Murray Ellison has been haunted by The Yellow Birds and has re-read it several times since it was published in 2012. That is why he offered to moderate The RVA (Richmond, Virginia) discussion of Kevin Powers’ first novel at our April 2021 Zoom meeting. He was delighted when Virginia Commonwealth University Literature Professor Bryant Mangum, one of Kevin’s former teachers, agreed to join our discussion.

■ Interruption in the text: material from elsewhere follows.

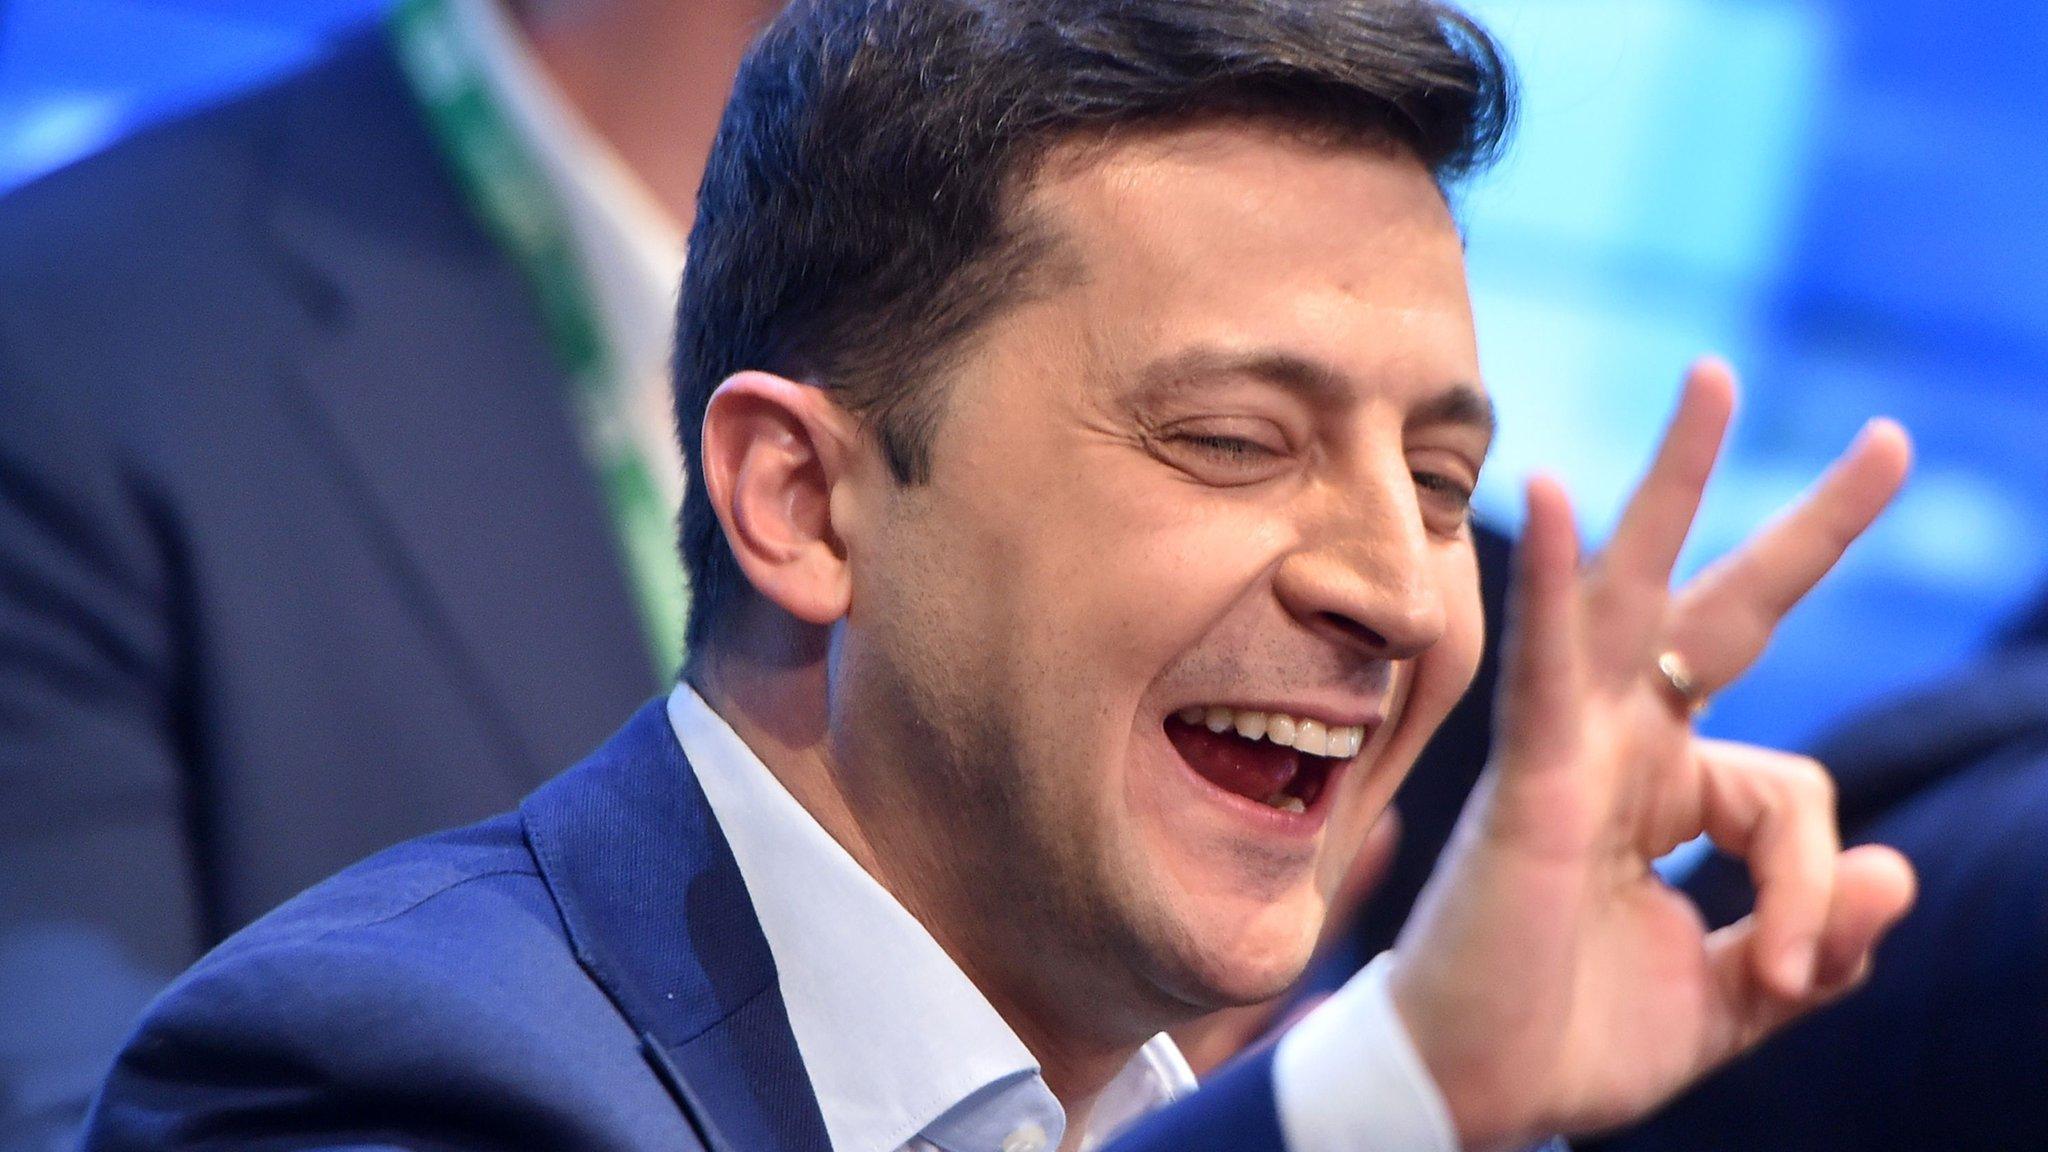 Экзитпол: Зеленский побеждает на выборах президента Украины. Он набирает 73,2% голосов

The Yellow Birds by Kevin Powers
Private Bartle returns home from a year of intense combat in Iraq and immediately struggles with the realities of adjusting to civilian life. While waiting in an airport-bound to Richmond, Virginia, the bartender notices Bartle’s uniform and suggests that we (the U.S.) should bomb Iraq to oblivion and “turn the whole place into glass.” Bartle is unresponsive but spills his drink, then offers to mop it up. The server insists on taking care of it, then offers to pick up Powers’s check.“It’s the least I can do.” Bartle quips back, “Forget it, I want to pay.” He didn’t want anyone to say thanks or pretend he “had done anything but survive.” Instead, he carries the weight of guilt for acts he believes he has committed. Readers would need to struggle to decide exactly which acts he feels guilty for, then sort out if they would have done anything differently if they were in his combat boots.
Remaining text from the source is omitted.